■ Records to use
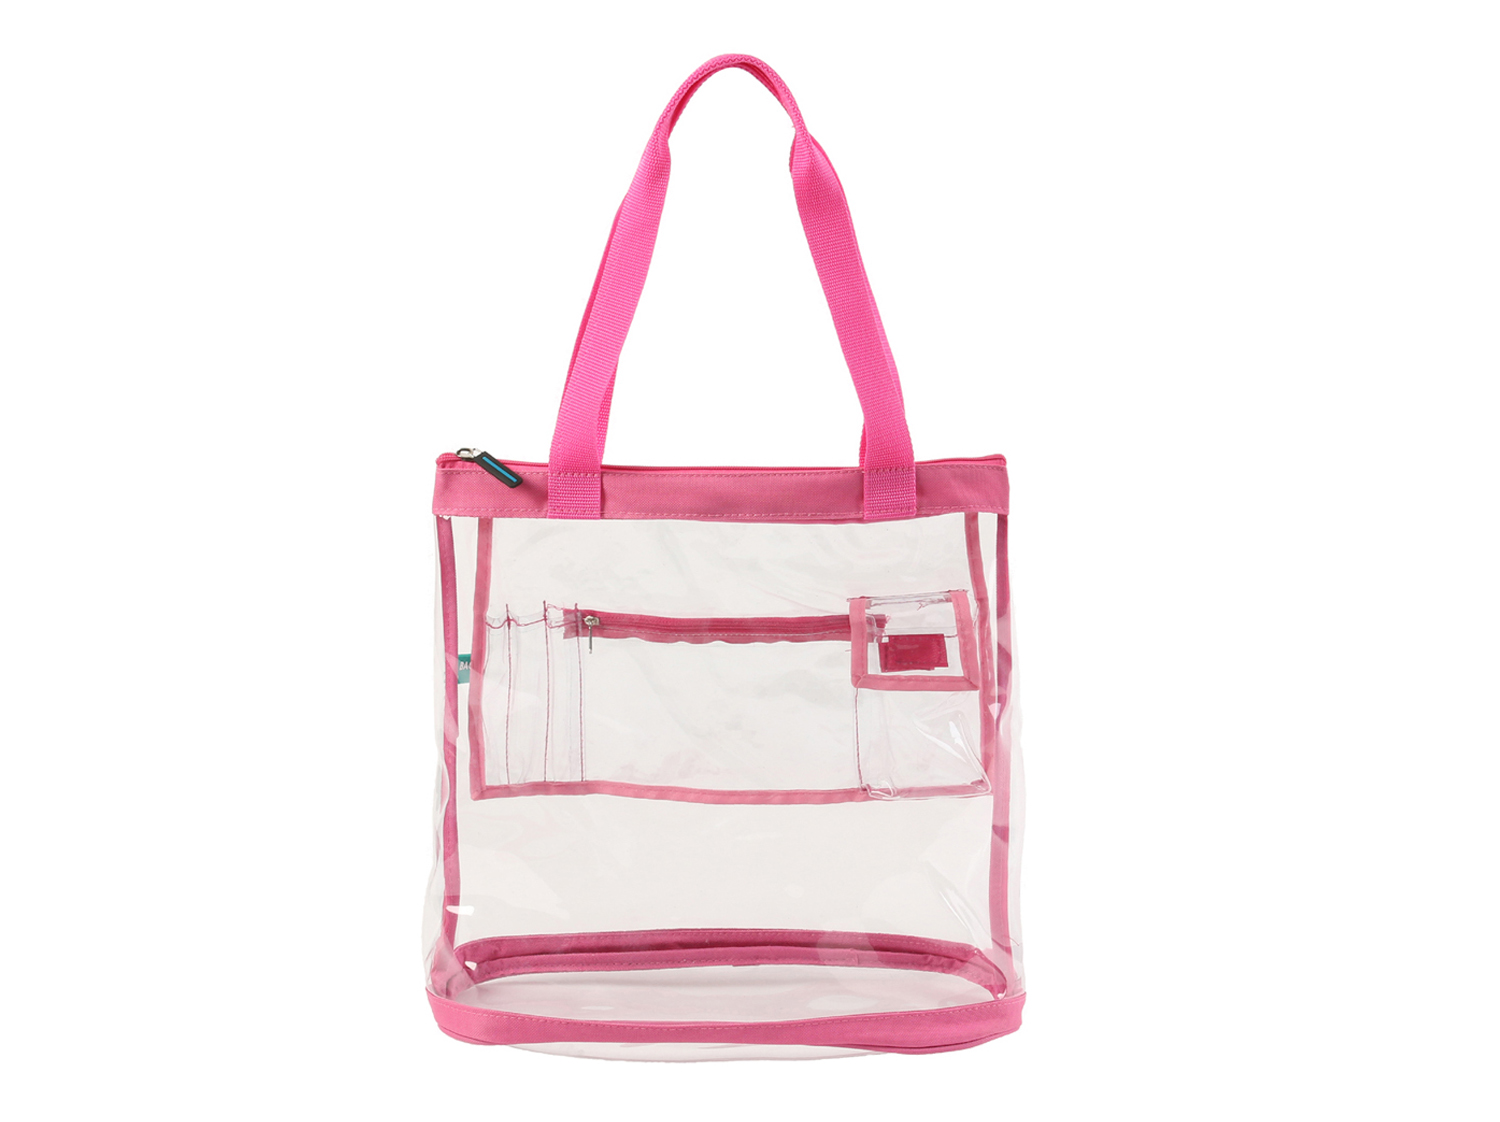 Clear Plastic Bag - Small Pink Tote - The Clear Bag Store
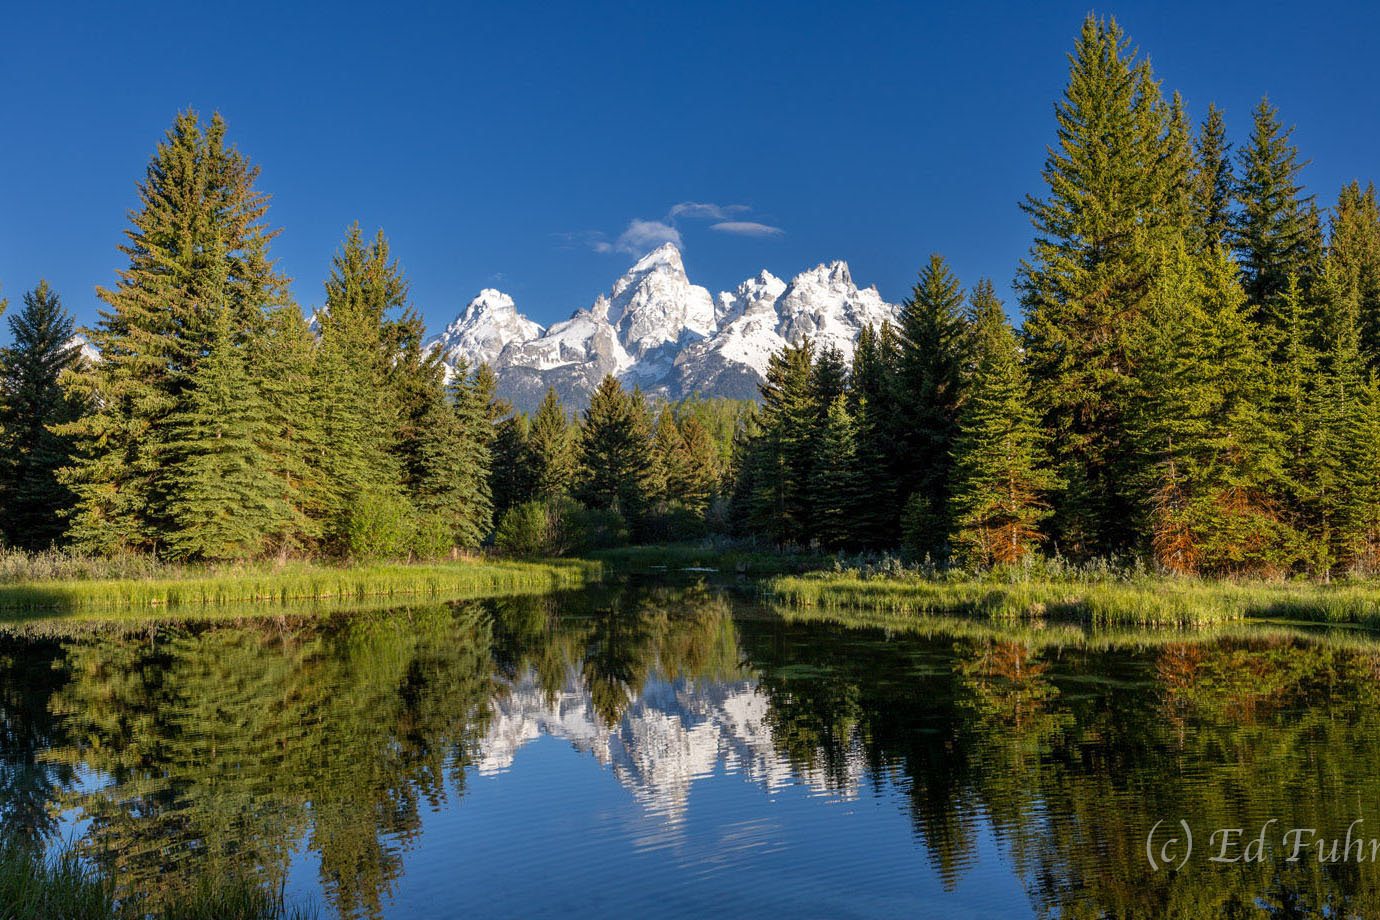 Still waters, bluebird blue skies, and winter's receding coat of snow create a gorgeous moment at the beaver ponds at Schwabacher...
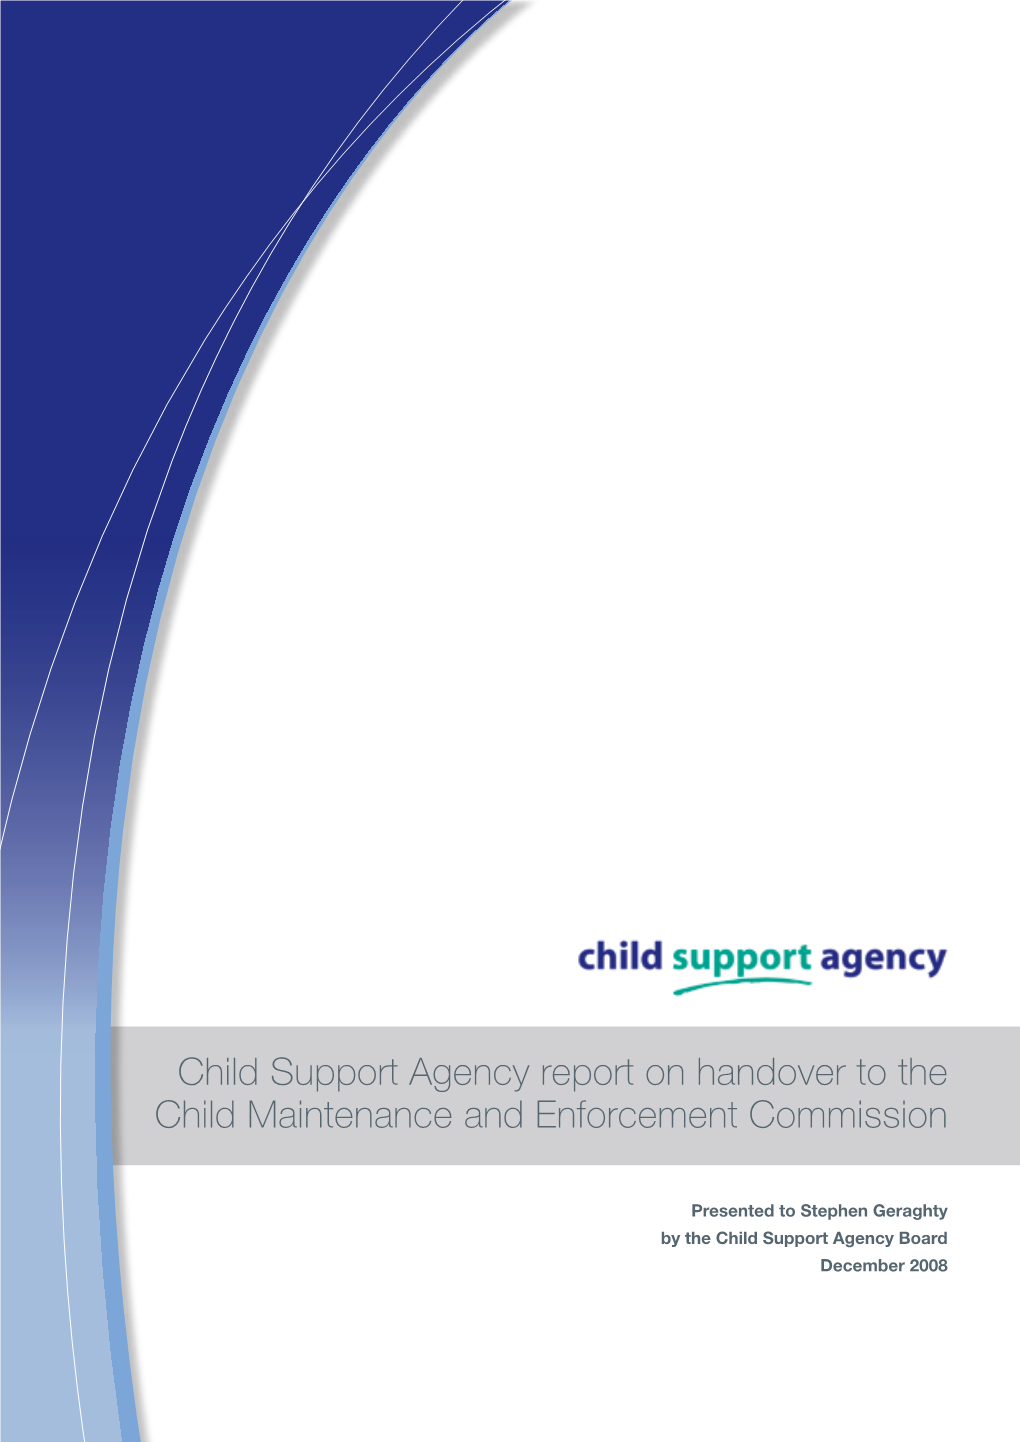 Child Support Agency Report on Handover to the Child Maintenance and Enforcement Commission
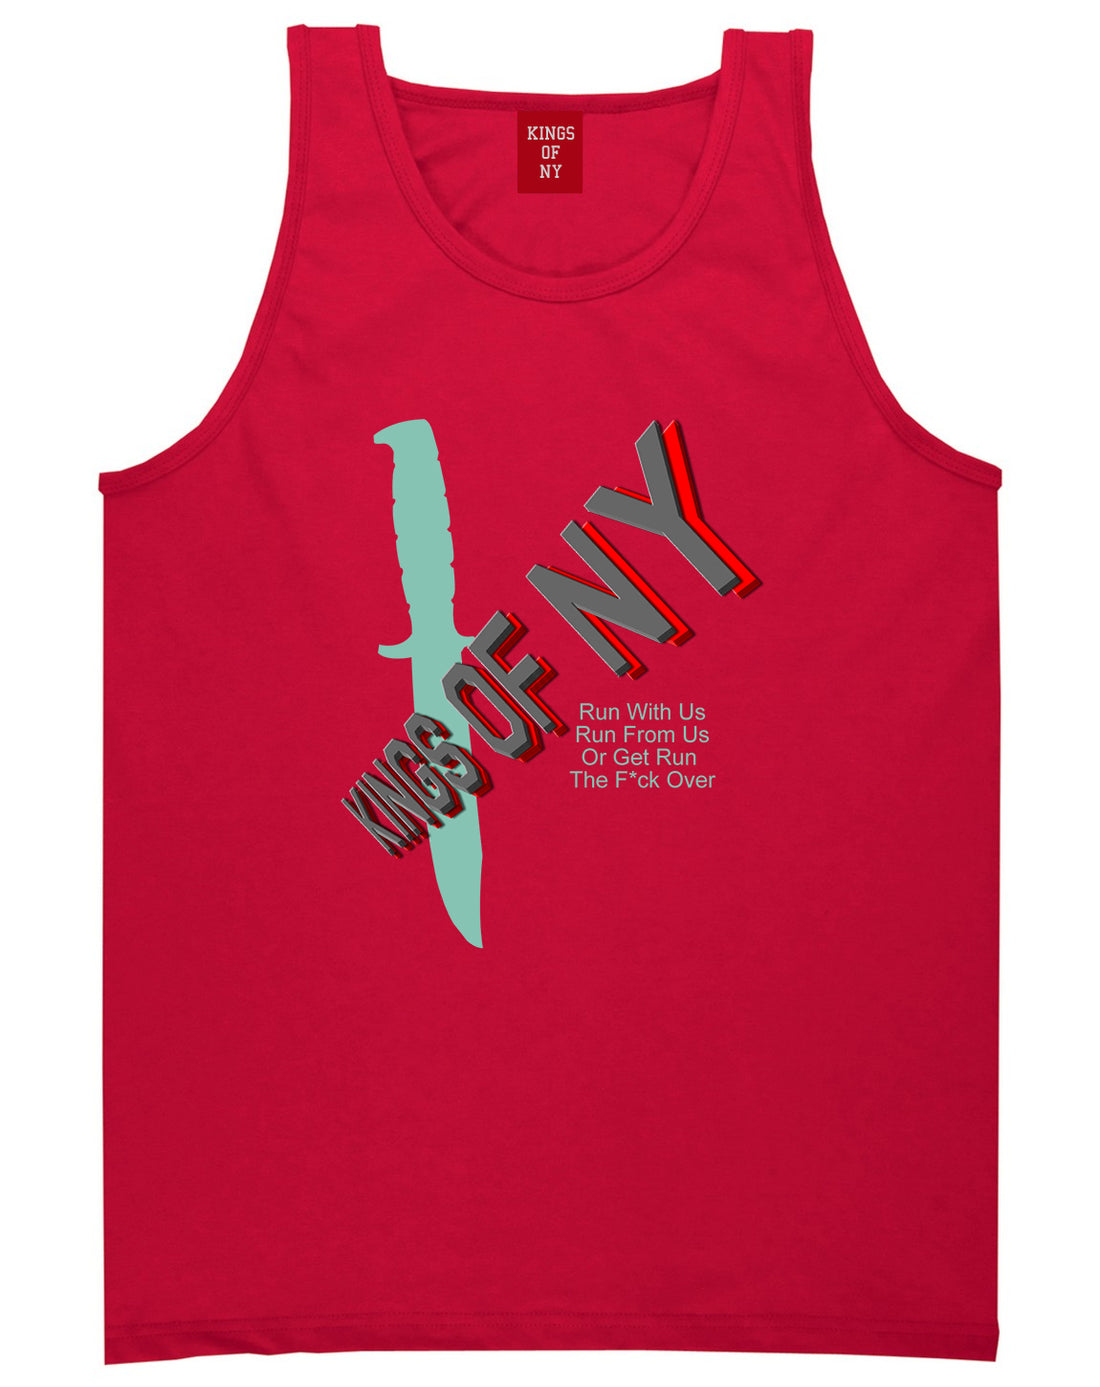 Run With Us Knife Tank Top Shirt in Red
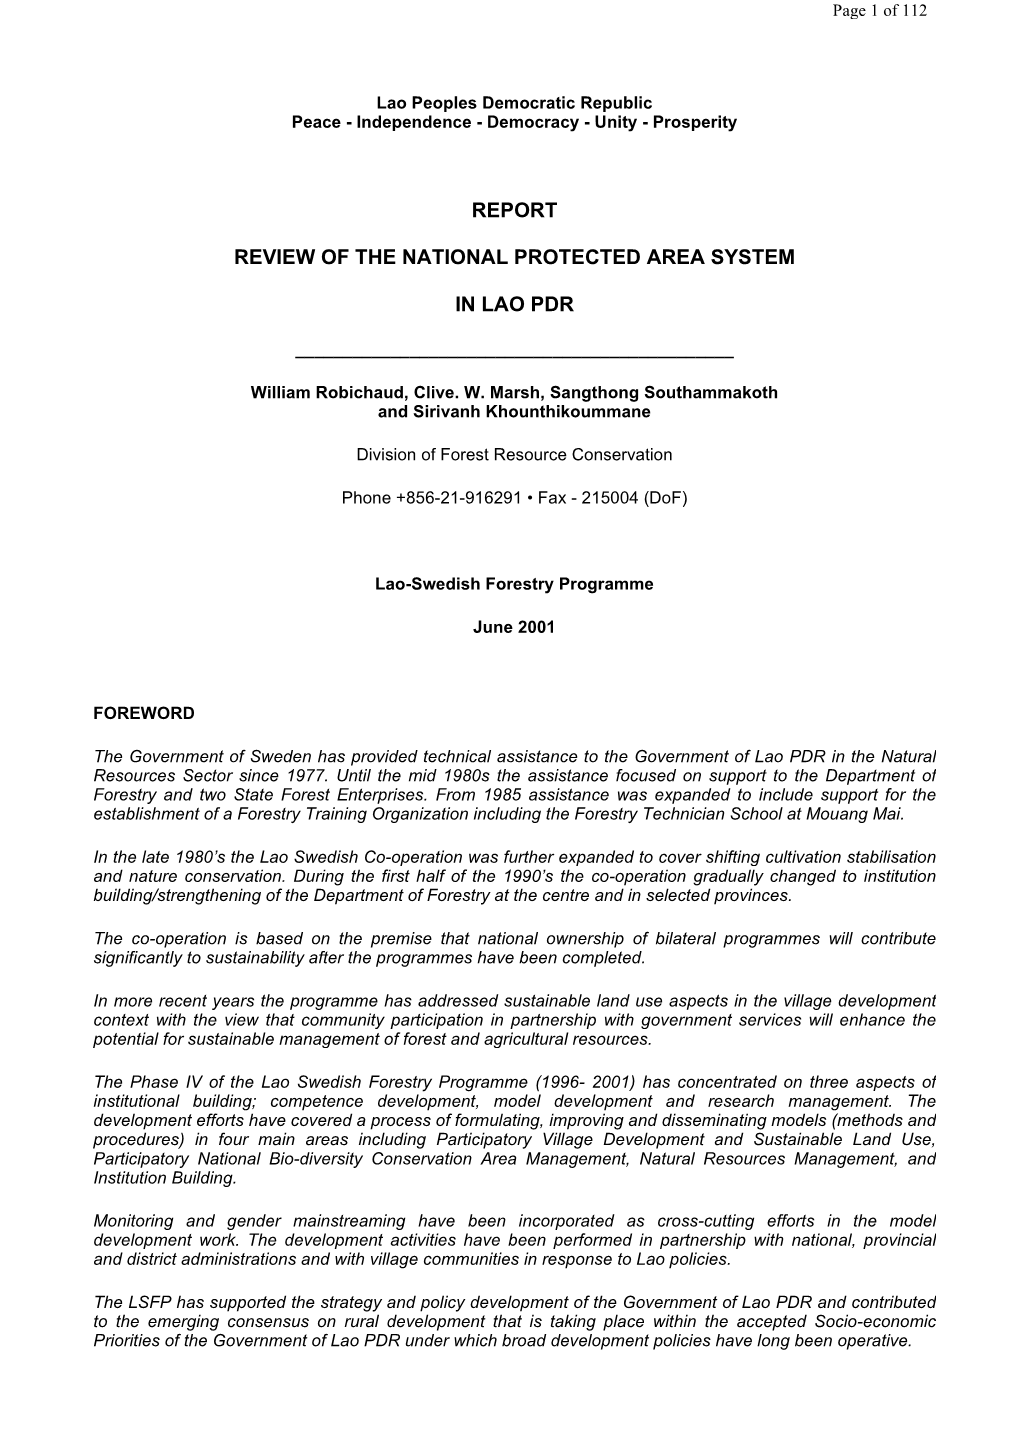 Report Review of the National Protected Area System In

■ What the task asks
Only the pictures are to be dropped; the rest of the material above must be duplicated exactly.

■ Exercise response
 Clear Plastic Bag - Small Pink Tote - The Clear Bag Store
 Still waters, bluebird blue skies, and winter's receding coat of snow create a gorgeous moment at the beaver ponds at Schwabacher...
 Child Support Agency Report on Handover to the Child Maintenance and Enforcement Commission
 Run With Us Knife Tank Top Shirt in Red
 Report Review of the National Protected Area System In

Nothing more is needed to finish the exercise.